- Genre: Celtic music, Folk music, Rock music
- Dates: Saturday near Saint Patrick's Day (varies)
- Locations: Washington, D.C., US
- Years active: 2000-2019, 2022-
- Website: Official Website (National ShamrockFest)

= National ShamrockFest =

Musical festival in America

National ShamrockFest, also commonly referred to as ShamrockFest, is a one-day music festival held in Washington, D.C. to celebrate Saint Patrick's Day.

ShamrockFest is held in a very large, paved, parking-lot type of area at Robert F. Kennedy Memorial Stadium called the RFK Stadium Festival Fairgounds. (The festival is not held inside the stadium itself.) The festival is held on a Saturday near Saint Patrick's Day, typically from about 1pm to 9pm. The festival goes on regardless of weather, which can often be cold and rainy in Washington, D.C., in March. Typically, about 50 artists perform on approximately 7 stages for an audience of about 40,000 attendees. Though some emphasis is placed on Celtic music and other folk music, rock artists also perform at ShamrockFest.

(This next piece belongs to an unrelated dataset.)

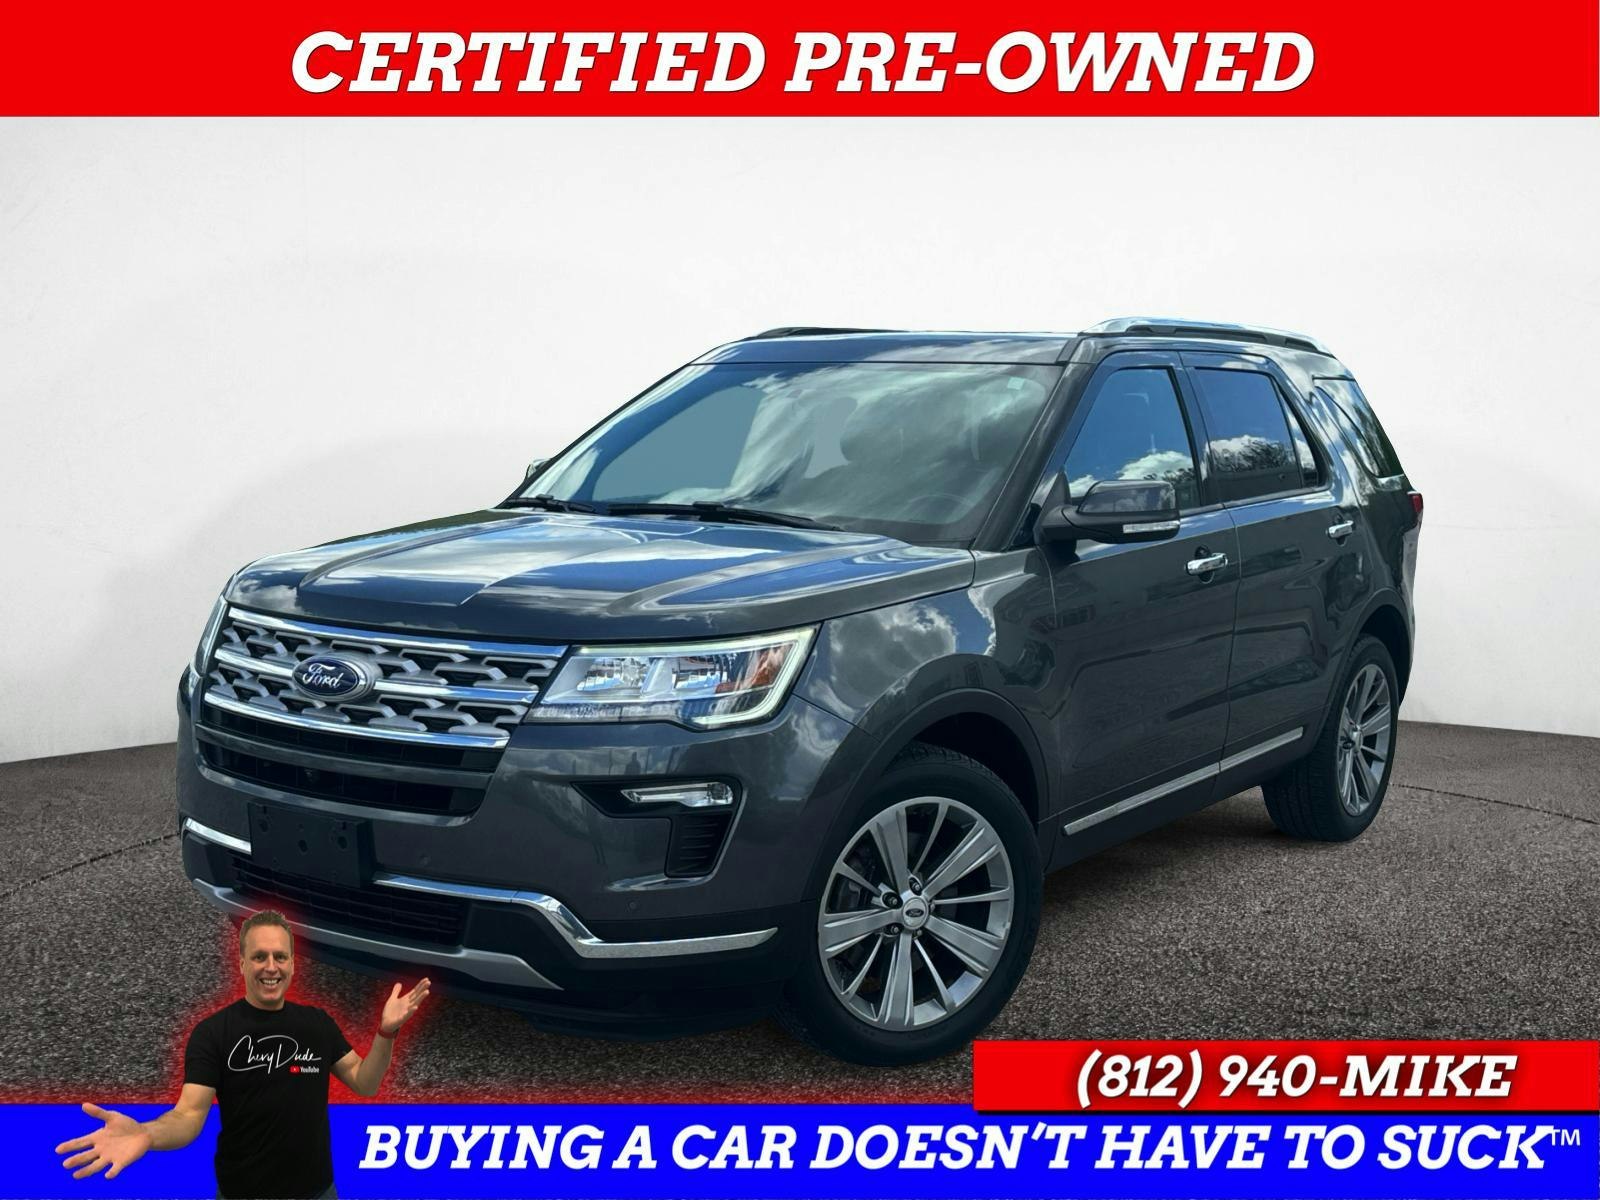 2018 Ford Explorer Limited (P1387) Main Image
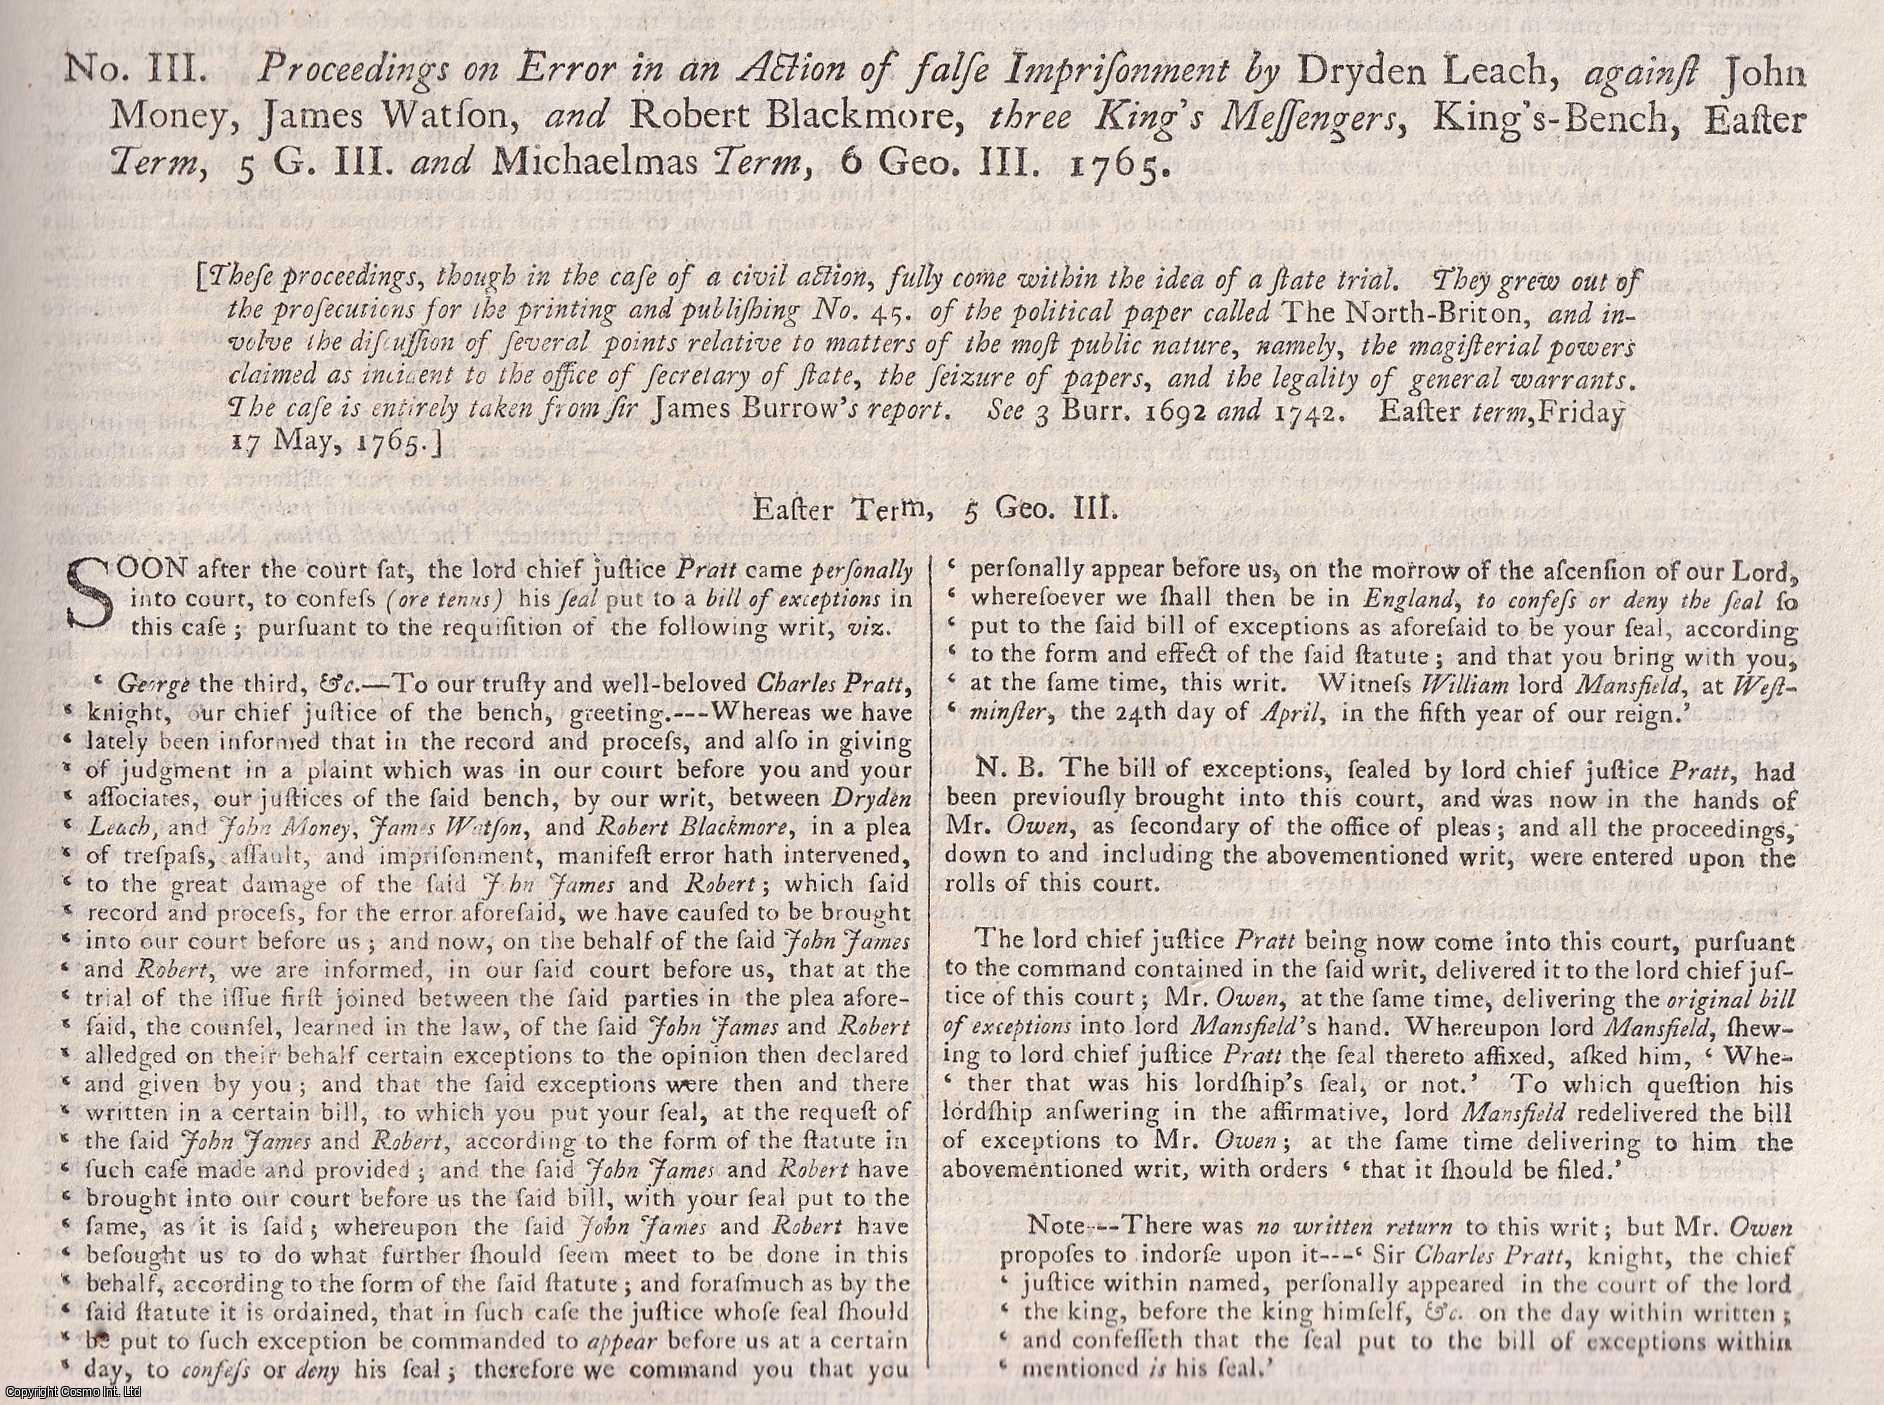 [Trial] - THE NORTH BRITON. Proceedings on an Error in an Action of False Imprisonment by Dryden Leach, against John Money, James Watson, and Robert Blackmore, three King's Messengers, King's Bench, 1765. An original article from the Collected State Trials.

ShamrockFest also includes carnival rides and games, craft vendors, food and drink vendors, and roving entertainers.

The RFK Stadium Festival Fairgrounds is cordoned off into two areas for ShamrockFest: one "main area" and one "VIP area." Entry into the VIP area requires purchase of a special, higher-priced ticket and is open to adults at least 21 only. There are additional stages, events, and restrooms in the VIP area. Beer in the VIP area is free to VIP attendees.

The larger main area of the fairgrounds is open to all ages; children under the age of 12 are admitted free. Food and drink (including beer and wine) are available for sale at vendor booths around the parking lot.

Since the RFK Stadium parking lot is given over to the festival, there is minimal available parking at ShamrockFest. Many attendees use the Washington Metro to travel to and from ShamrockFest, with the Stadium-Armory Metro stop being the closest.

Because the festival is associated with Saint Patricks' Day, many attendees wear green clothing or other Saint Patrick's Day ornamentation.

In 2014, Red Frog Events acquired the festival from the previous owner, GoCity Events. Red Frog Events is an event production company based in Chicago, IL that has been recognized for its award-winning company culture and innovative brands. They produce Firefly Music Festival, Big Barrel Country Music Festival, Warrior Dash and American Beer Classic in addition to ShamrockFest.

This festival went on hiatus in 2020-21, and resumed in 2022.